Your assignment:
The reply should reproduce every line of the data below word for word, minus any images.

───── Data below ─────

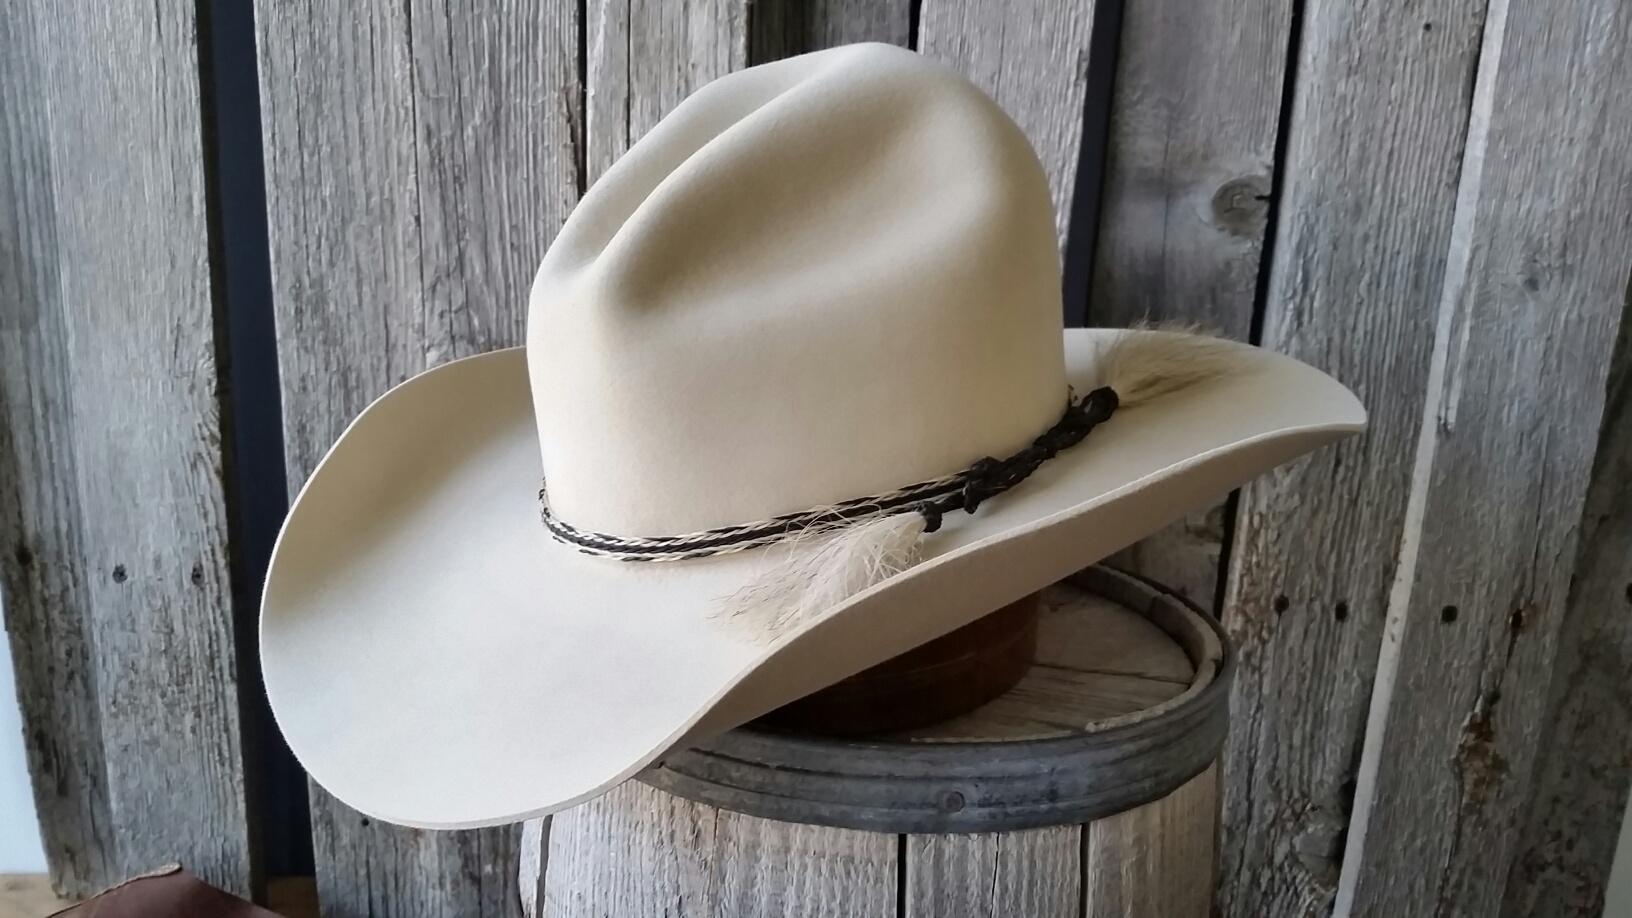 Hand Made Cowboy Hats - Hat HD Image Ukjugs.Org 100f8a70ef5a
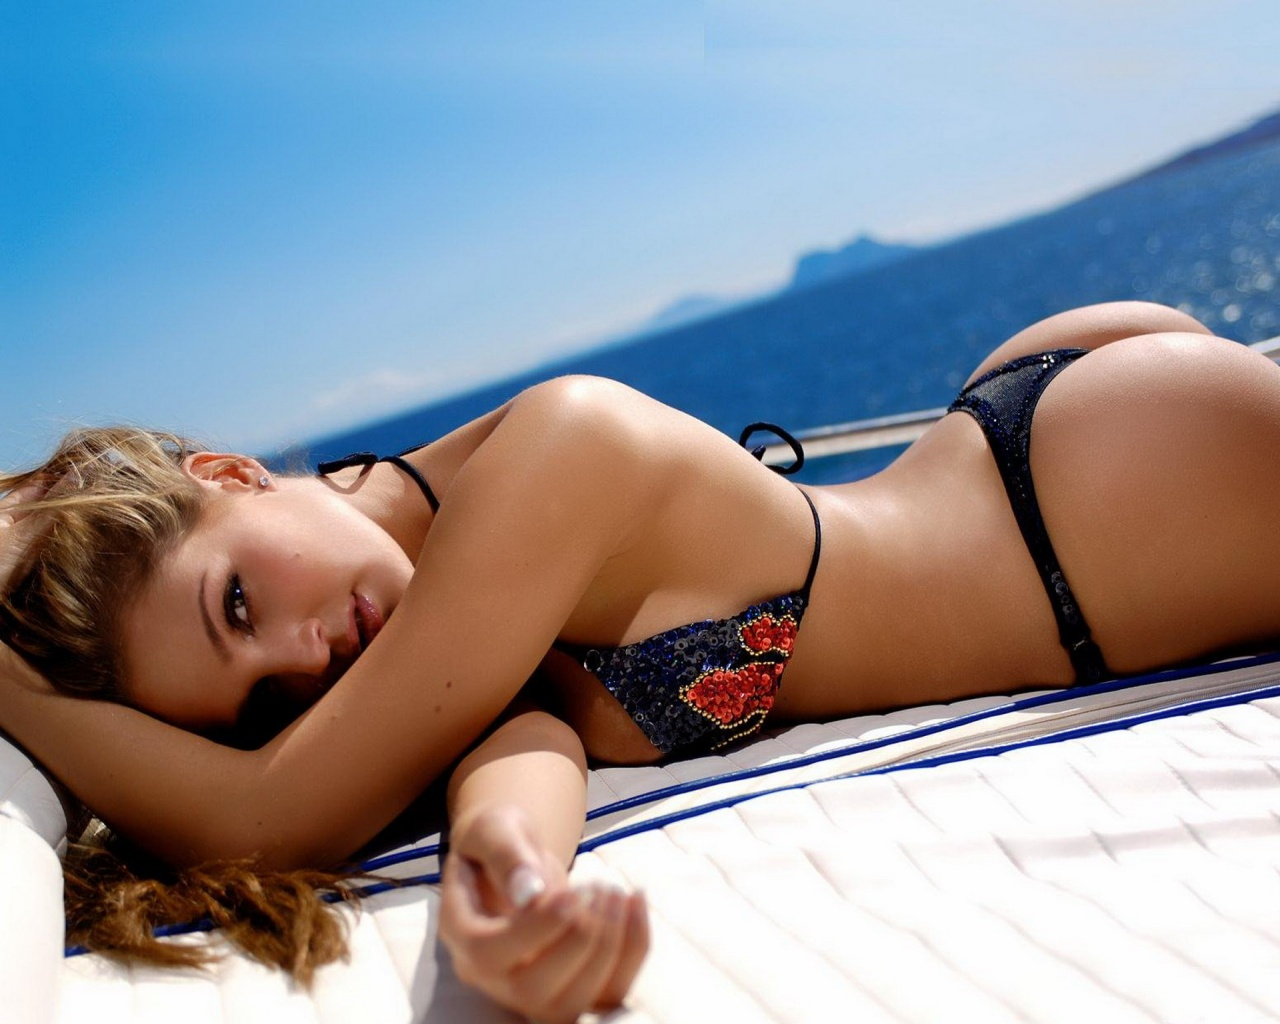 http://2.bp.blogspot.com/-09vE6r42tUo/T24RWb9XnYI/AAAAAAAAHus/0hF0XmuW3fE/s1600/Beach_Girl_Wallpaper1.jpg
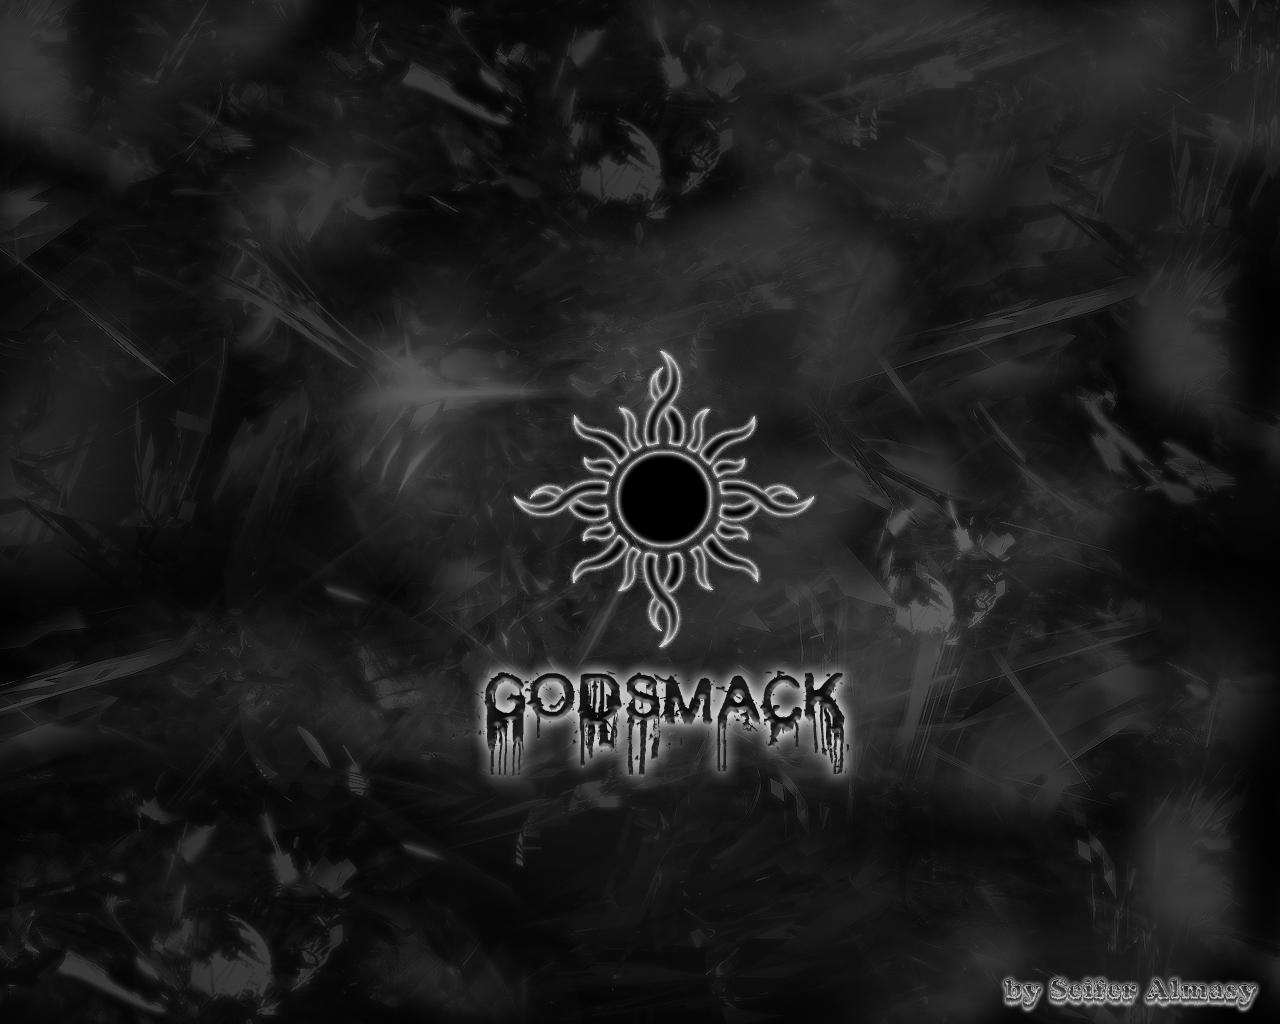 godsmack wallpaper 01 by seiferatus on deviantart
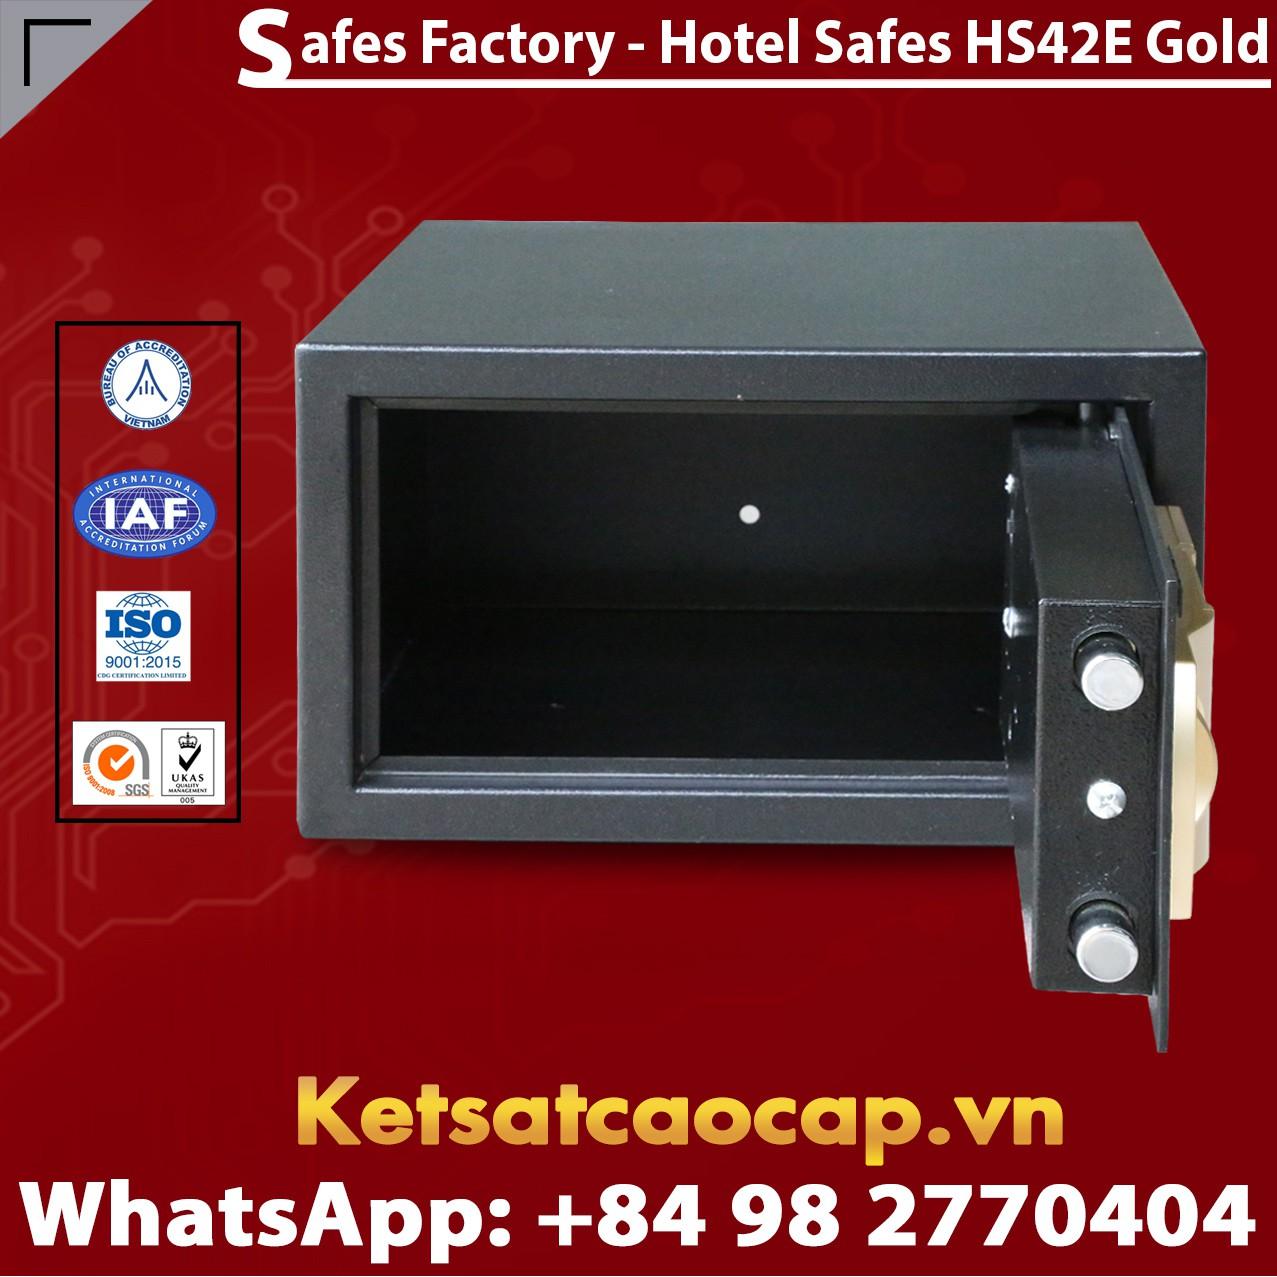 Hotel Safe HOMESUN

─────

Exercise result:
 Hand Made Cowboy Hats - Hat HD Image Ukjugs.Org 100f8a70ef5a
 http://2.bp.blogspot.com/-09vE6r42tUo/T24RWb9XnYI/AAAAAAAAHus/0hF0XmuW3fE/s1600/Beach_Girl_Wallpaper1.jpg
 godsmack wallpaper 01 by seiferatus on deviantart
 Hotel Safe HOMESUN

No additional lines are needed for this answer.